One of them in particular managed to shove his ego into me, and I calmly tracked the car visually as it drove away, getting a good fix on him. Saturday night was hard – I had been put into contact with a dark pool of anger and aggression. As always, I simply embraced it, and then reached through to find the people that were cowering in its shadow. Exhaling into that psychological space, I blew the winds of change into the communities dominated by that fear.

Sunday was hard. I went out to Awakening Your Power in Santa Monica, and the frenetic energy, while well-intentioned, was attractive to the powers that I was wrestling with. I spent a fair part of the session sitting aside, calming my interior spaces. It seemed at the time that I would have been better off going to church.

It was only at the end of Resonance that I finally connected to the energies that were waiting for us. Mariane put on Snatam Kaur’s live “Ong Namo”. It starts with an acknowledgement that we were sent here to heal. The words penetrated to the core of me, and I had to hold my breath as the pain washed through me. Then I reached up and began to dance alone to the sacred words. Looking again into that space of fear, I became that larger self that sees the world from outside. Gathering the healing energy of the Divine in my left hand, I pushed it towards America, and blew the winds of peace behind it. Three times, and then I focused on New Town, and staggered under the weight of their sorrow. Gathering myself, I reached back again with my right hand, and blew love into their hearts.

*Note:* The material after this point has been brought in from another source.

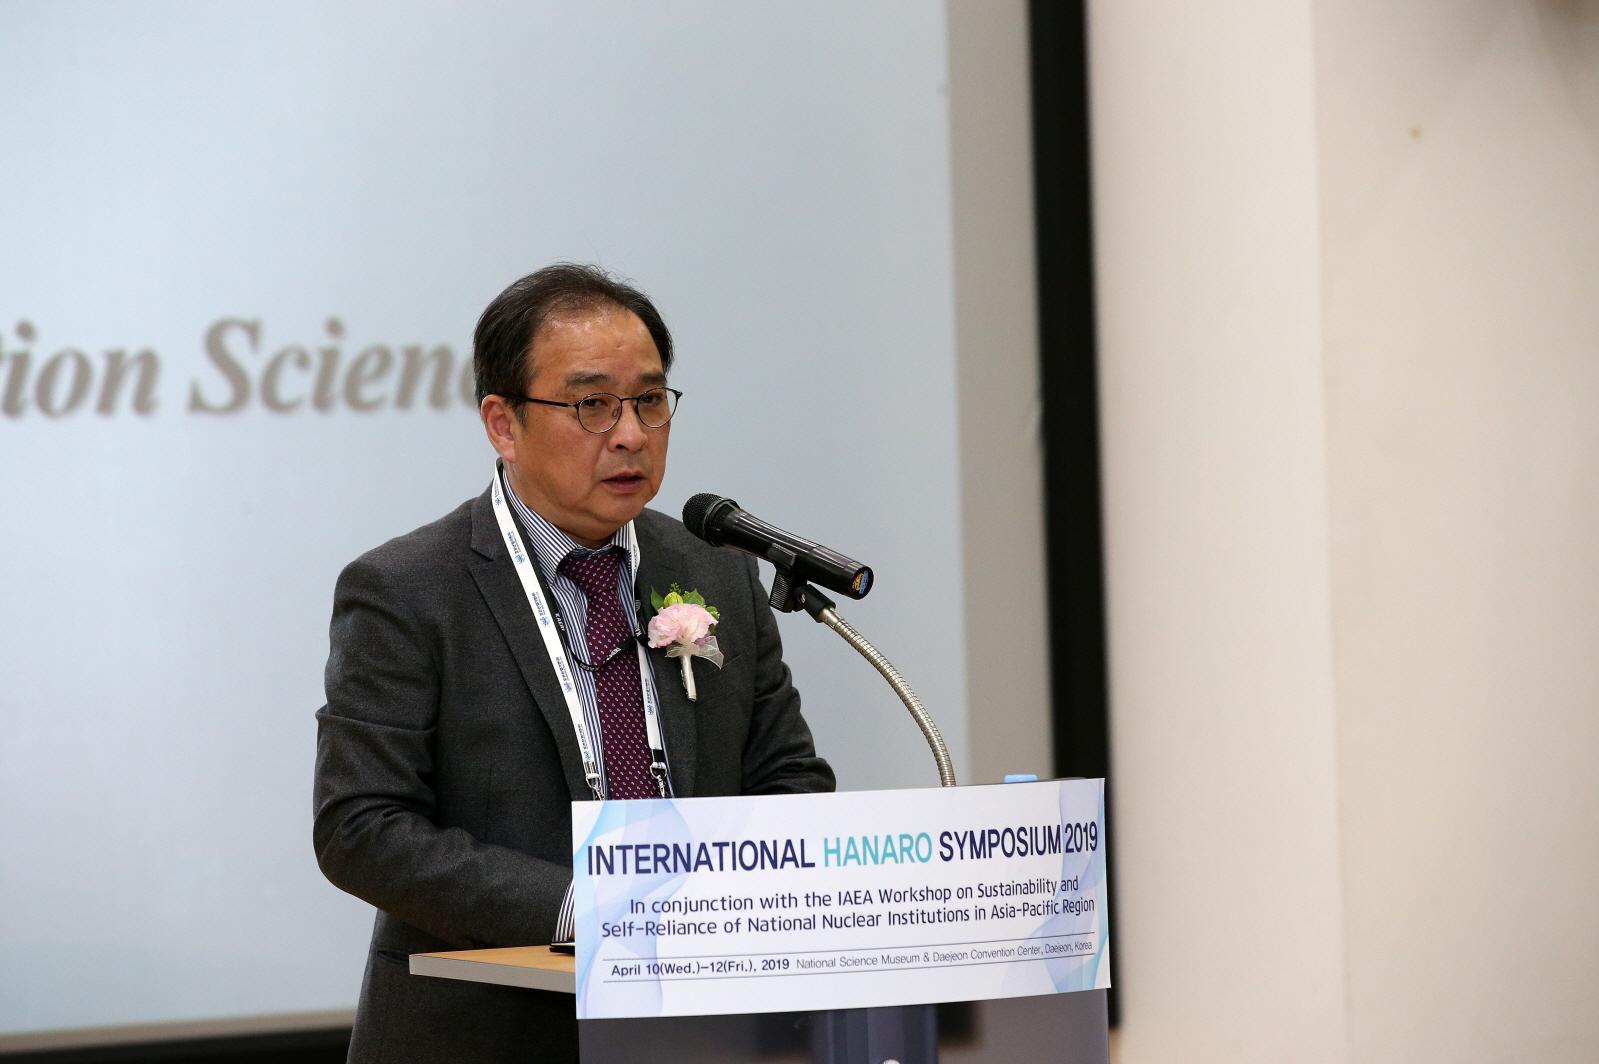 사진1. 환영사를 하는 한국원자력연구원 임인철 방사선과학연구소장

On Monday night I was in the room with a teacher lying protectively on the bodies of her students as the bullets tore through them. I created a space of separation from the terror, doing my best to protect them from the spiritual sickness that had infected the gunman.

I bought Kaur’s “Essentials” on Tuesday, and have been playing its healing lyrics into the space of that sorrow for the last twenty-four hours. Last night, as I laid in bed listening again to “Ong Namo”, I found myself again in the presence of one of their mothers. “Long Time Sun” filled us with images of light. I opened my heart to the heavens, and the energy that had been prepared on Sunday settled on us. Using the pattern of her feeling, it raced outwards seeking the myriad spirits that had lost a child to violence.

Her son came to her, and held her heart in his hands. Witnessing her sorrow, he wordlessly honored her love, and resolved to organize spiritual resources to wash away the evil that had devastated her. I offered my recognition of the honor due to the mother that had nurtured such a spirit.

It hurts. It hurts yet. But there are some wounds that can only be healed by taking them into us.

Bad things happen to good people because their light is needed in the darkness. Shine brightly, spirits of New Town.